Very-low-energy diets (VLCD), defined as providing 3347 kJ (800 kcal)/d(8), are one approach that has been successfully used to achieve intentional weight loss over a short period of time. Although not a new approach, VLCD first came to prominence in the 1980s. They have recently become popular once more, probably as a result of their use and promotion by media personalities. In most cases such treatments are available over the counter in the form of drinks and some pre-prepared snacks. A recent systematic review has considered whether the VLCD approach has value beyond such short-term weight loss(Reference Tsai and Wadden9). The meta-analysis of randomised trials compared the long-term efficacy of VLCD with that of low-energy diets defined as providing ≥3190 kJ (1000 kcal)/d. The mean weight loss achieved over an average duration of approximately 3 months by participants of the VLCD and low-energy-diet treatments was reported to be 16·1 (sd 1·6) % and 9·7 (sd 2·4) % respectively; the mean difference of 6·4 (sd 2·7) % being highly significant (P=0·0001) and at a level most likely to be of clinical importance.
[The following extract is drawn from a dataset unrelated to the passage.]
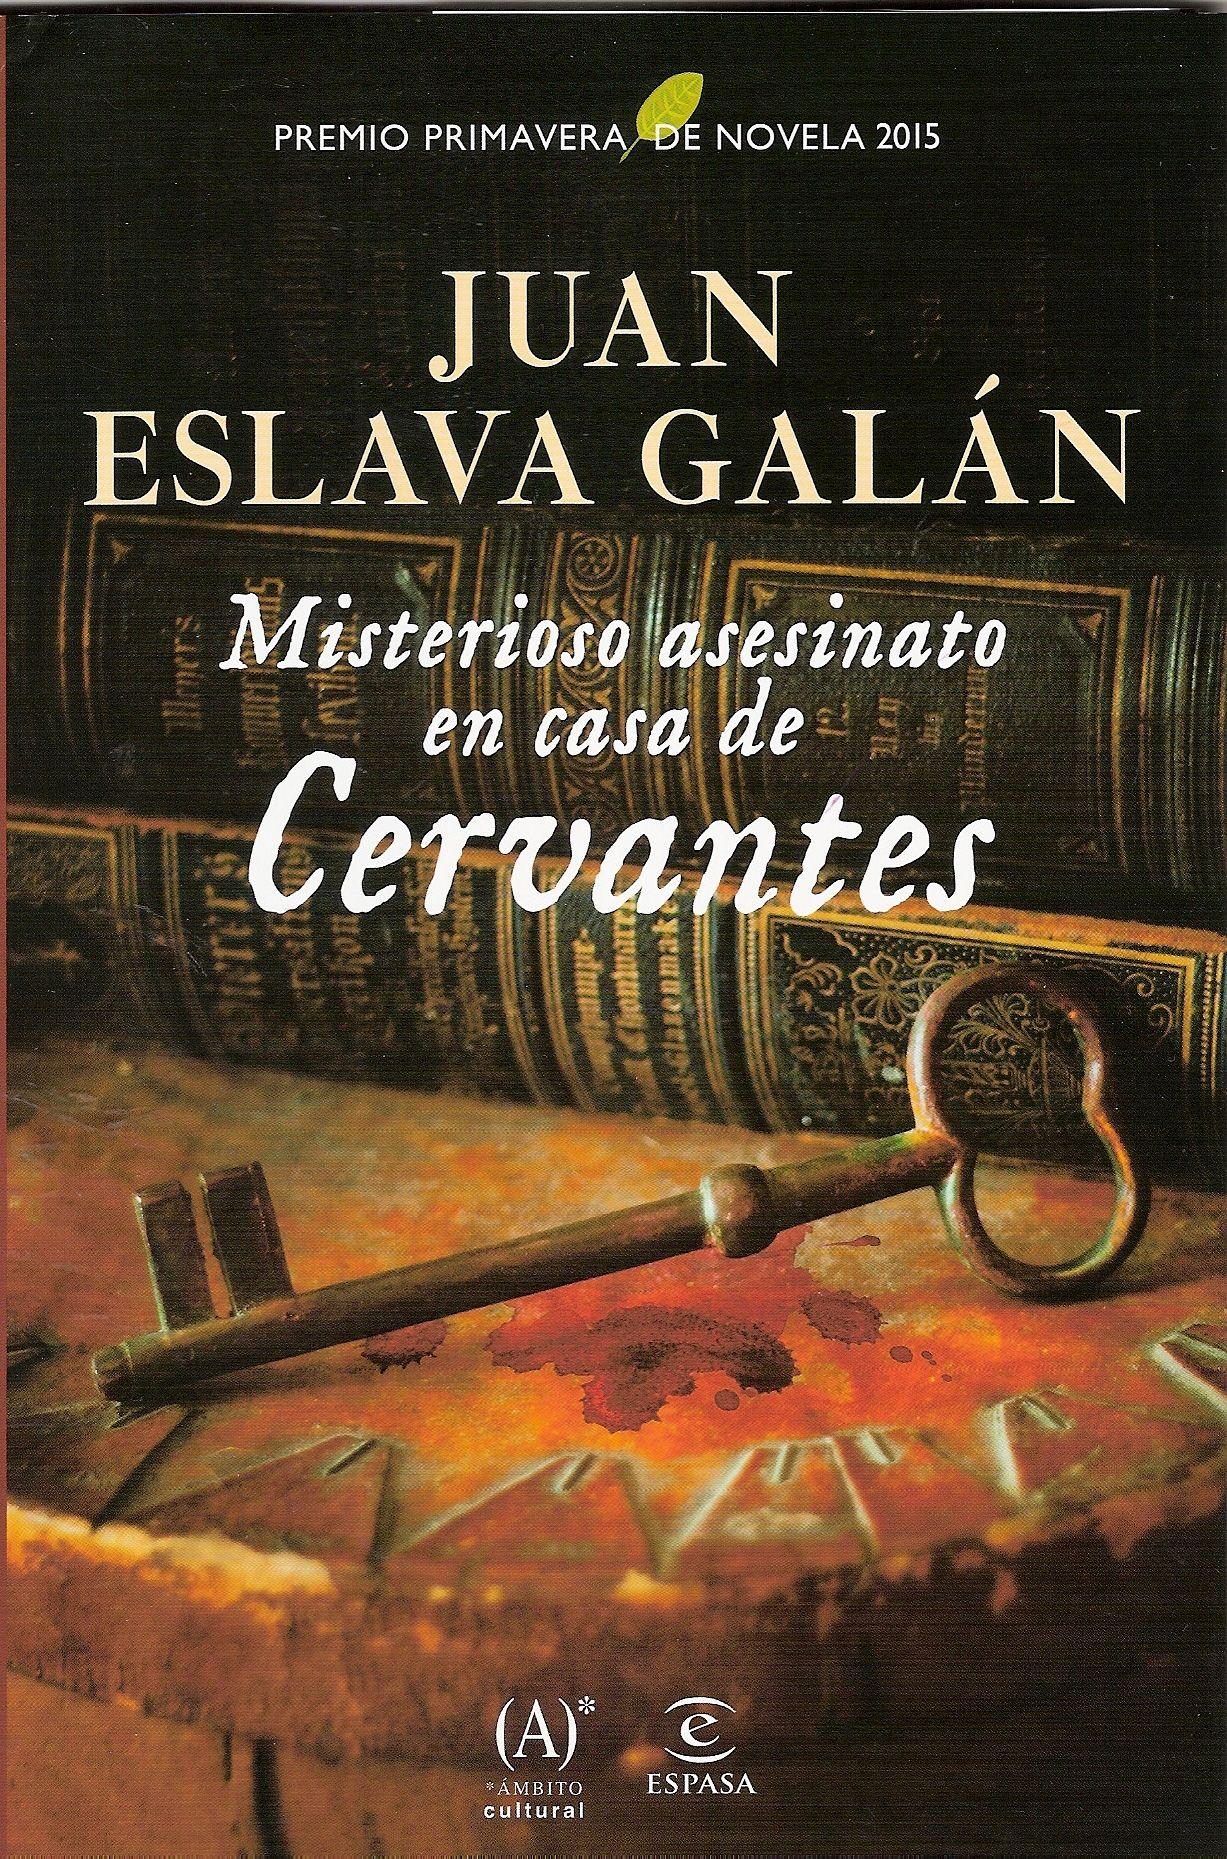 """Juan Eslava Galán. """"El misterioso asesinato en casa de Cervantes"""". Editorial Espasa"""

Perhaps predictably, the VLCD approach was found to be less effective over the longer term, when compliance with such a regimen was shown to wane. The duration of follow-up for the studies included in the analysis was found to vary considerably, ranging from 1 year to 5 years, with the mean follow-up being approximately 1 year. The mean weight loss (%) for the two treatments was reported to be 6·0 (sd 3·2) for VLCD and 5·0 (sd 4·0) for low-energy diets, with a non-significant between-group difference of 1·3 (sd 5·1). Perhaps most telling is the weight regain according to group, with patients on the VLCD and low-energy diets regaining 62% and 41% of the lost weight respectively. It is concluded that the long-term use of VLCD diets (for >16 weeks) cannot be justified in terms of improved weight losses and higher costs of specific products(Reference Tsai and Wadden9). However, VLCD do have a role in weight management for particular patients, with the most obvious group being those who are obese and awaiting surgery.
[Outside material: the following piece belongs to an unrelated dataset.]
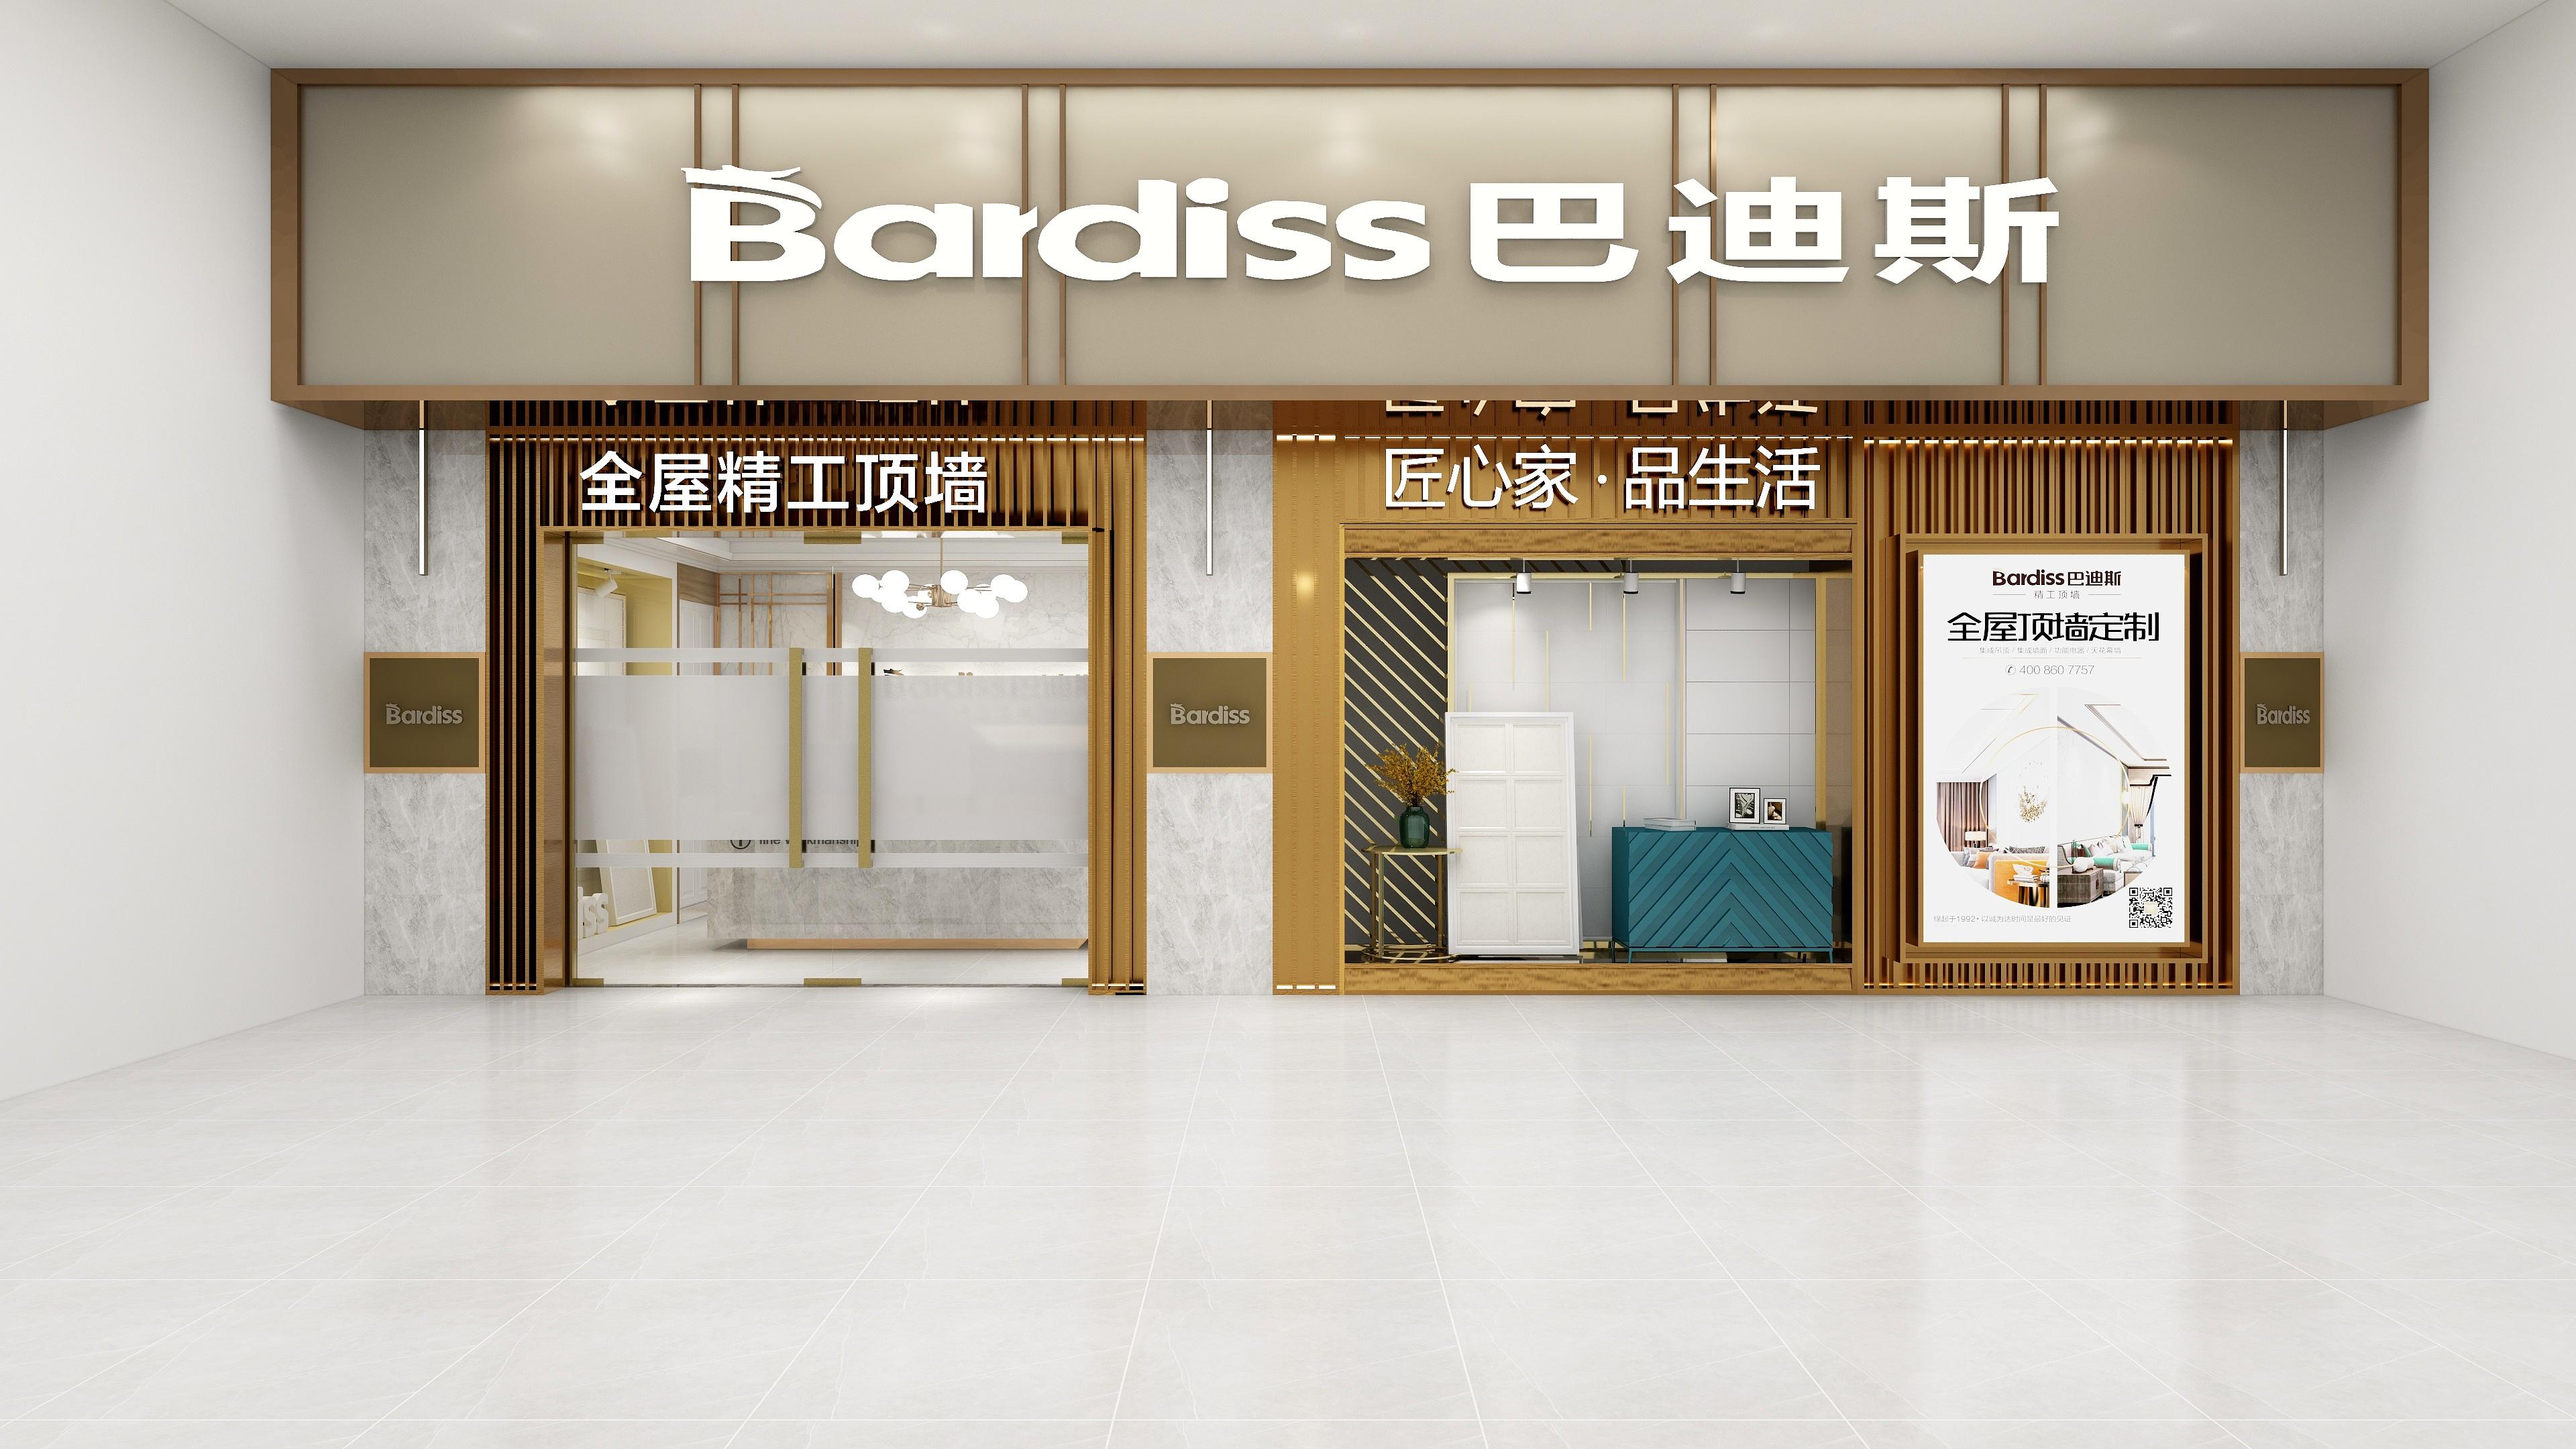 广西龙州●6代店 装修效果全景

Commercial weight-management programmes

A variety of different weight-management programmes exist and many operate internationally. For more than approximately two decades there has been reluctance by such business operations to divulge the results of their programmes. More recently, there have been various published evaluations of such weight-management programmes. An examination of the results of a group-delivered intervention aimed at men has shown a short-term (8 weeks) weight loss of 5% in 90% of those completing the 8-week programme whereas at week 24 of treatment ≥10% weight loss was achieved in 69% of those still enrolled(Reference Bye, Avery and Lavin10). Details of attrition rates were not reported. The most comprehensive study in this area is probably a randomised study design that has evaluated the Atkins, Zone, Ornish and Weight Watchers popular diets(Reference Dansinger, Gleason and Griffith11). Participants were randomly allocated to each of the popular diets, of which the Ornish diet (a vegetarian diet containing <10% energy from fat) and the Atkins (<20 g carbohydrate/d) were found to be the most difficult for participants to accept, with a 50% attrition rate. Interestingly, at 1 year weight losses of 2–3 kg were found to be similar across all groups, suggesting few differences in dietary compliance across the groups.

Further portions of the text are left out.